Step 6: Inspect Sessions
Replay is a data-only projection over what a session already knows. It does not call any capability and is safe to run anywhere.
{:ok, replay} = Jidoka.Session.replay(session)
replay.timeline
replay.journal
replay.pending_reviewsFor human-readable inspection of a session, snapshot, or request, use
Jidoka.inspect/1. For trace projection see
Tracing And Events.
Common Patterns
- Session per external identifier. Use the same id the surrounding product uses (chat thread, ticket, workflow) instead of generating a fresh one. This keeps lookups idempotent.
- Pass the store on every call. The store reference is just data, and passing it makes the call self-contained. Avoid hiding it behind global state.
- Prefer
chat/3for product code. Reach forrun/3when you need the full result, the journal, or to observe a hibernation snapshot. - Keep capabilities out of session metadata. Provider clients, pids, and credentials belong in the runtime options for each call, not on the serializable session.
- Use
claim_session/3in multi-worker deployments. It is the difference between two workers racing on the same turn and one worker observing{:error, {:session_already_running, _}}and backing off.
Testing
Sessions are easy to test because every capability is injectable. A deterministic LLM and the in-memory store are usually enough.
test "session keeps history across turns" do
{:ok, pid} = Jidoka.Harness.Store.InMemory.start_link()
store = {Jidoka.Harness.Store.InMemory, pid: pid}
llm = fn _intent, journal ->
case map_size(journal.results) do
0 -> {:ok, %{type: :final, content: "first"}}
_ -> {:ok, %{type: :final, content: "second"}}
end
end
{:ok, session} = Jidoka.Session.start(MyApp.SupportAgent, "s1", store: store)
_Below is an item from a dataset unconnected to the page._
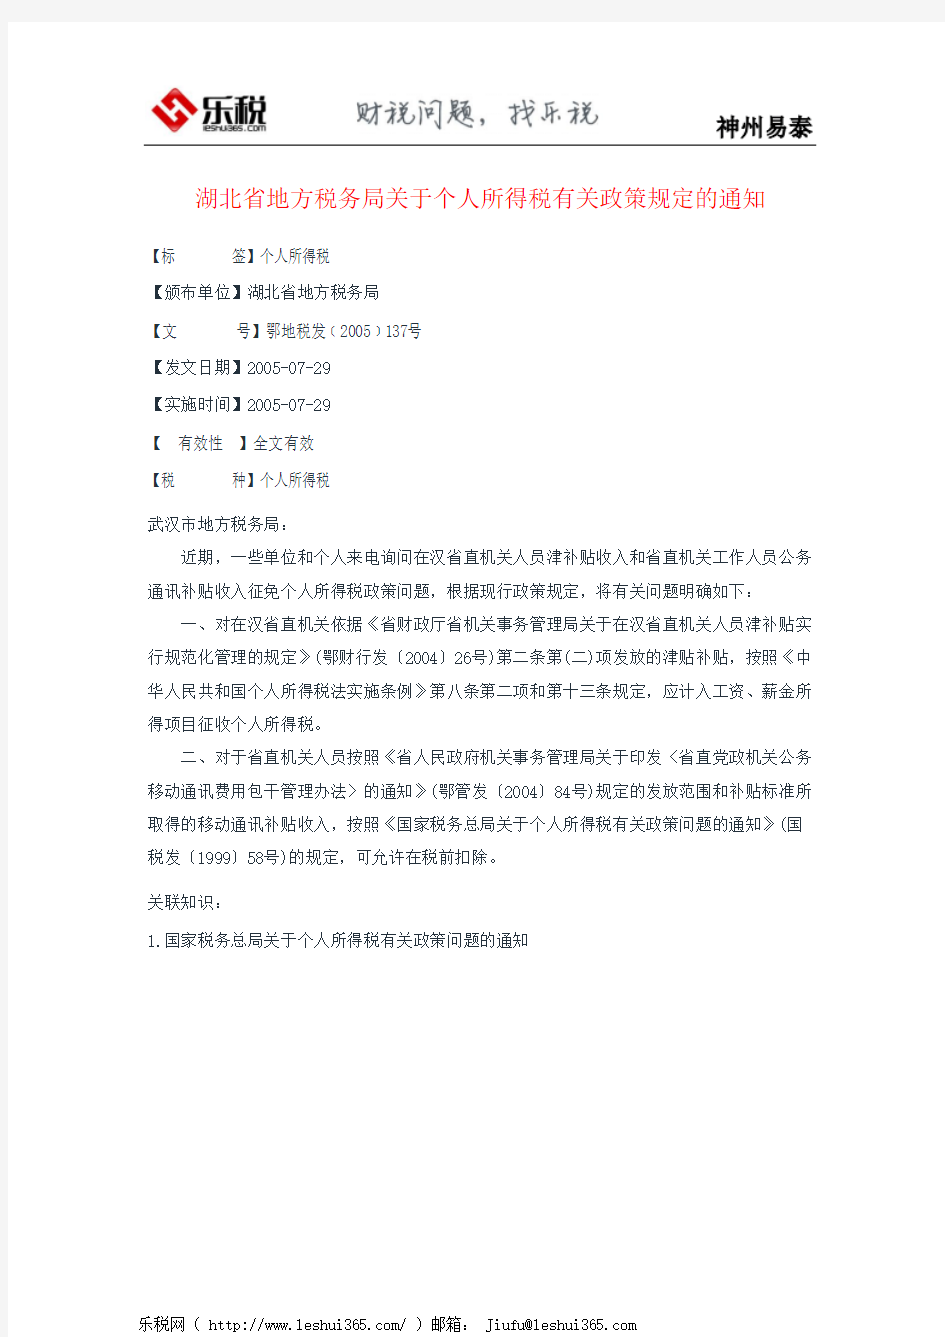 湖北省地方税务局关于个人所得税有关政策规定的通知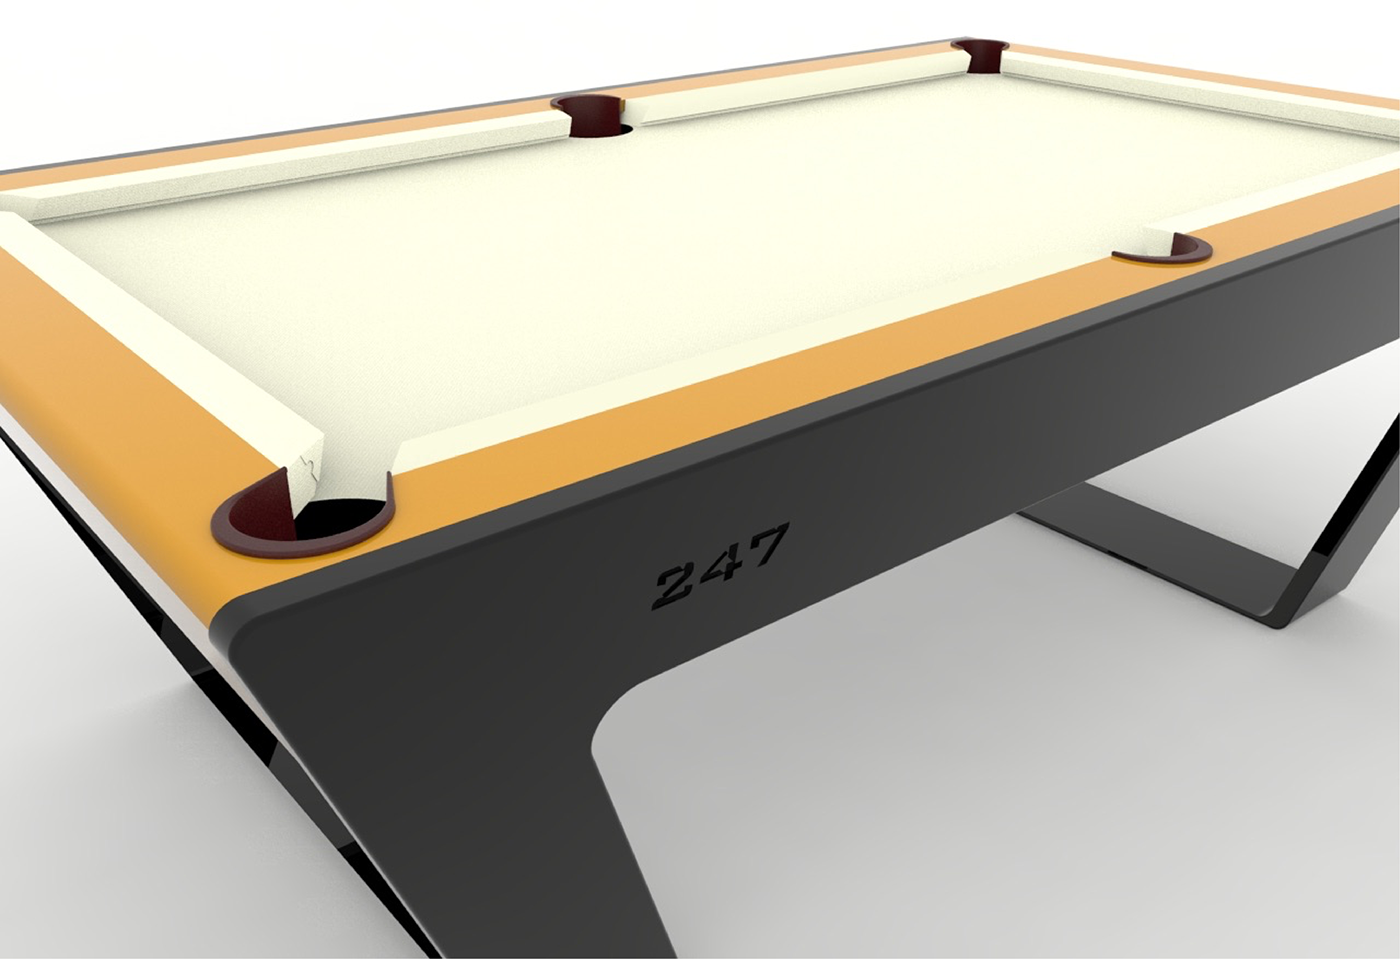 3dmodeling porsche design Pool Table Solidworks rendering

{:ok, _session, "first"} = Jidoka.Session.chat("s1", "hi", store: store, llm: llm)
{:ok, session, "second"} = Jidoka.Session.chat("s1", "again", store: store, llm: llm)
assert length(session.requests) == 2
assert session.status == :finished
endFor multi-worker safety, write a test that calls Jidoka.Session.run/3
twice concurrently against the same id and assert one call returns
{:error, {:session_already_running, _}}.
Troubleshooting
| Symptom | Likely Cause | Fix |
|---|---|---|
{:error, :missing_harness_store} | A session id was passed without a store: option. | Pass the store on every call, or hold the session struct and pass it directly. |
{:error, {:session_not_found, id}} | The id was never started against this store. | Call Jidoka.Session.start/3 with session_id: id, store: store. |
{:error, {:session_already_running, id}} | Two callers tried to run the same session at the same time. | Serialize callers; if this is expected, retry after the prior call returns. |
{:error, {:missing_session_snapshot, id}} | Resume was called on a session that never hibernated. | Run a new turn instead, or hibernate explicitly with a checkpoint policy. |
{:error, {:conflicting_session_ids, _, _}} | Both :id and :session_id were passed with different values. | Pass only :session_id, or make them equal. |
{:error, {:unsupported_session_schema_version, _, 1}} | A persisted payload predates the current schema. | Migrate the row to schema version 1 or discard it. |
Reference
Key modules touched in this guide:
Jidoka.Session- public facade forstart/2,run/3,chat/3,resume/2,pending_reviews/1,replay/1.Jidoka.Harness.Session- durable session struct withschema_version/0 == 1.Jidoka.Harness.Store- persistence behaviour.Jidoka.Harness.Store.InMemory- reference store for tests and examples.Jidoka.Review.Request- shape returned bypending_reviews/1.
Related Guides
- Snapshots And Resume - the durable artifact a session hibernates to.
- Human In The Loop - pending reviews and the approve/deny resume path.
- Tracing And Events - what
Jidoka.Session.replay/1projects under the hood. - Runtime And Harness - internals for sessions, stores, and replay.